Além disso, a inscrição especial a que se referem os questionados §§ 3º e 4º do art. 28 da Lei nº 8.906/94, incluídos pela Lei nº 14.365/2022, resulta na criação de uma classe de advogados que possui capacidade postulatória, mas destituída de todas as prerrogativas inerentes ao exercício da advocacia. Isso é inconciliável com a liberdade e a independência de atuação do advogado prevista no art. 7º da Lei nº 8.906/94.

A questão remuneratória das carreiras policiais e militares não constitui critério válido constitucionalmente para autorização do exercício da advocacia, em contrariedade ao sistema normativo constitucional vigente, consistindo em privilégio para determinados servidores públicos sem adoção de fator de discrímen razoável e juridicamente aceitável.

Concluiu-se, portanto, que o legislador elegeu critério de diferenciação compatível com o princípio constitucional da isonomia, ante as peculiaridades inerentes ao exercício da profissão de advogado e das atividades policiais de qualquer natureza.

 

Em suma:

É inconstitucional — por ofensa aos princípios da isonomia, da moralidade e da eficiência administrativa — norma que permite o exercício da advocacia em causa própria, mediante inscrição especial na OAB, aos policiais e militares da ativa, ainda que estritamente para fins de defesa e tutela de direitos pessoais.

STF. Plenário. ADI 7227/DF, Rel. Min. Cármen Lúcia, julgado em 20/03/2023 (Info 1087).

 

Com base nesses entendimentos, o Plenário, por unanimidade, converteu a apreciação da medida cautelar em julgamento de mérito e julgou procedente a ação para declarar a inconstitucionalidade dos §§ 3º e 4º do art. 28 da Lei nº 8.906/94, incluídos pela Lei nº 14.365/2022.

 

Outros julgados

O STF já havia se manifestado, recentemente, sobre as incompatibilidades previstas no Estatuto da OAB:

São constitucionais as restrições ao exercício da advocacia aos servidores do Poder Judiciário e do Ministério Público, previstas nos arts. 28, IV, e 30, I, da Lei nº 8.906/94, e no art. 21 da Lei nº 11.415/2006 (atual art. 21 da Lei nº 13.316/2015).

STF. Plenário. ADI 5235/DF, Rel. Min.
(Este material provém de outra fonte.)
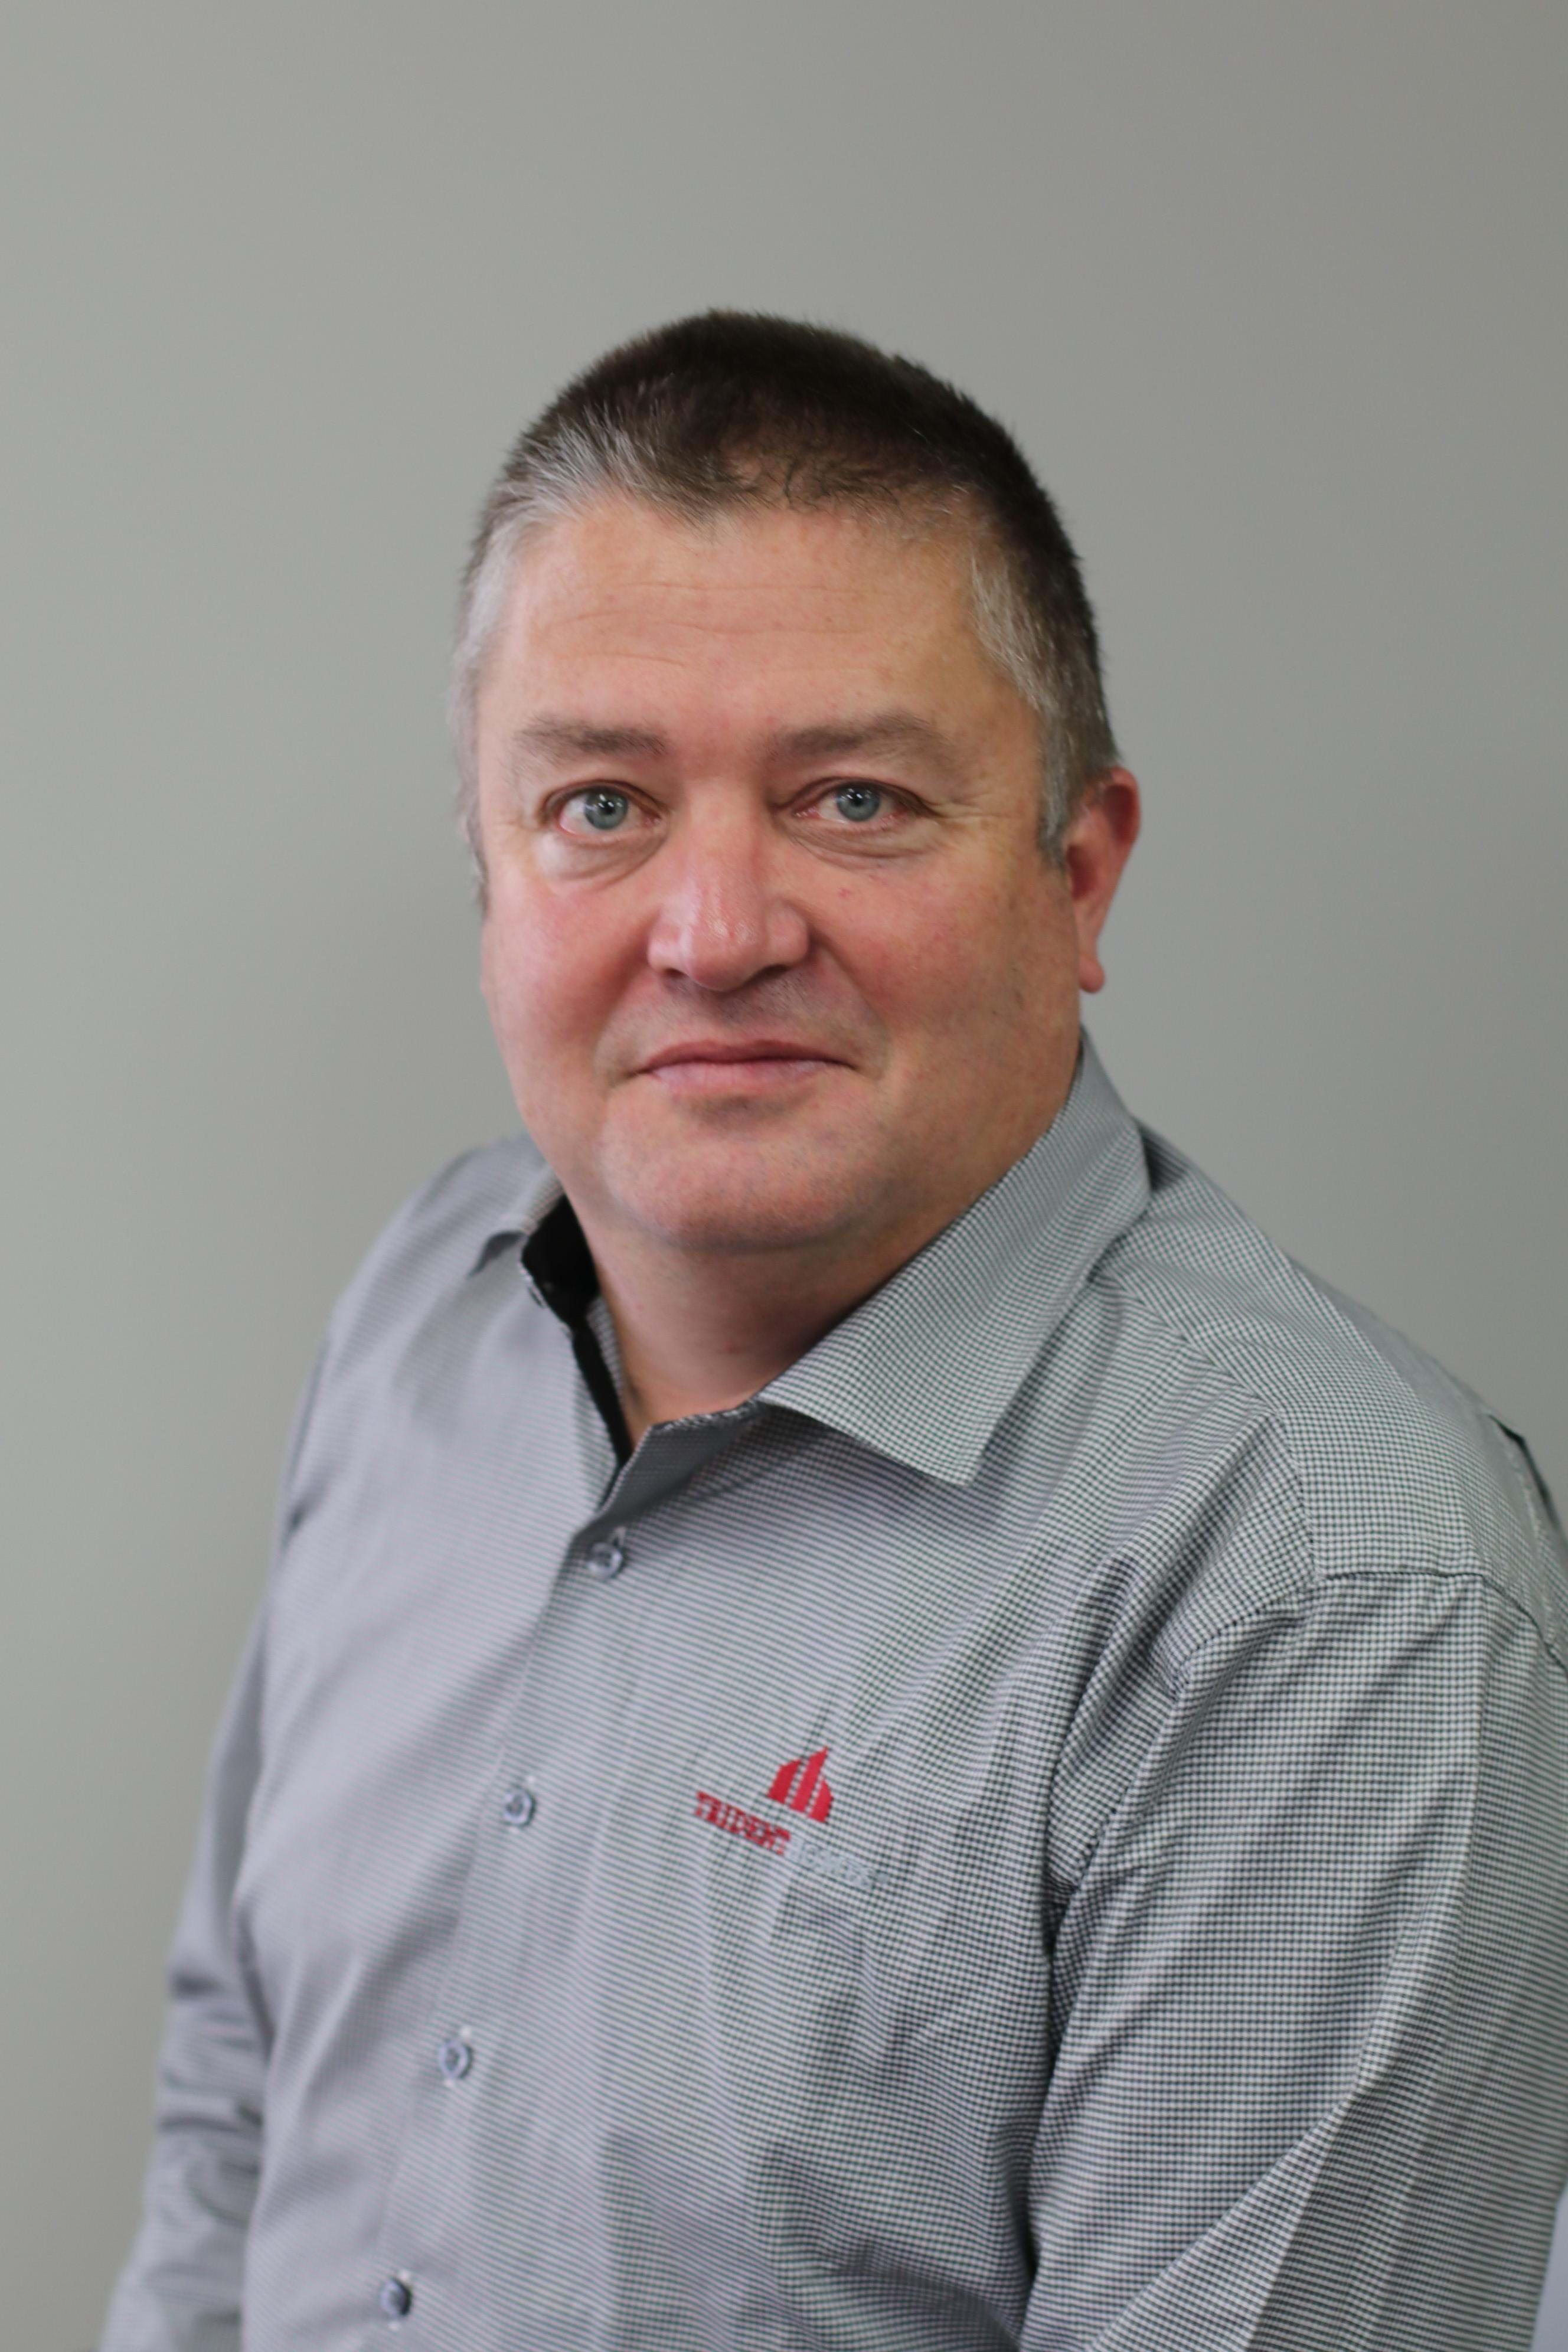 Richard McKeown

Rosa Weber, julgado em 11/6/2021 (Info 1021).

 

É constitucional a Resolução 27/2008, do CNMP, que proíbe que os servidores do Ministério Público exerçam advocacia.

O CNMP possui capacidade para a expedição de atos normativos autônomos (art. 130-A, § 2º, I, da CF/88), desde que o conteúdo disciplinado na norma editada se insira no seu âmbito de atribuições constitucionais.

A Resolução 27/2008 do CNMP tem por objetivo assegurar a observância dos princípios constitucionais da isonomia, da moralidade e da eficiência no Ministério Público, estando, portanto, abrangida pelo escopo de atuação do CNMP (art. 130-A, § 2º, II).

A liberdade de exercício profissional não é um direito absoluto, devendo ser interpretada dentro do sistema constitucional como um todo. A vedação do exercício da advocacia por determinadas categorias funcionais apresenta-se em conformidade com a Constituição Federal, devendo-se proceder a um juízo de ponderação entre os valores constitucionais eventualmente conflitantes.

STF. Plenário. ADI 5454, Rel. Alexandre de Moraes, julgado em 15/04/2020 (Info 978).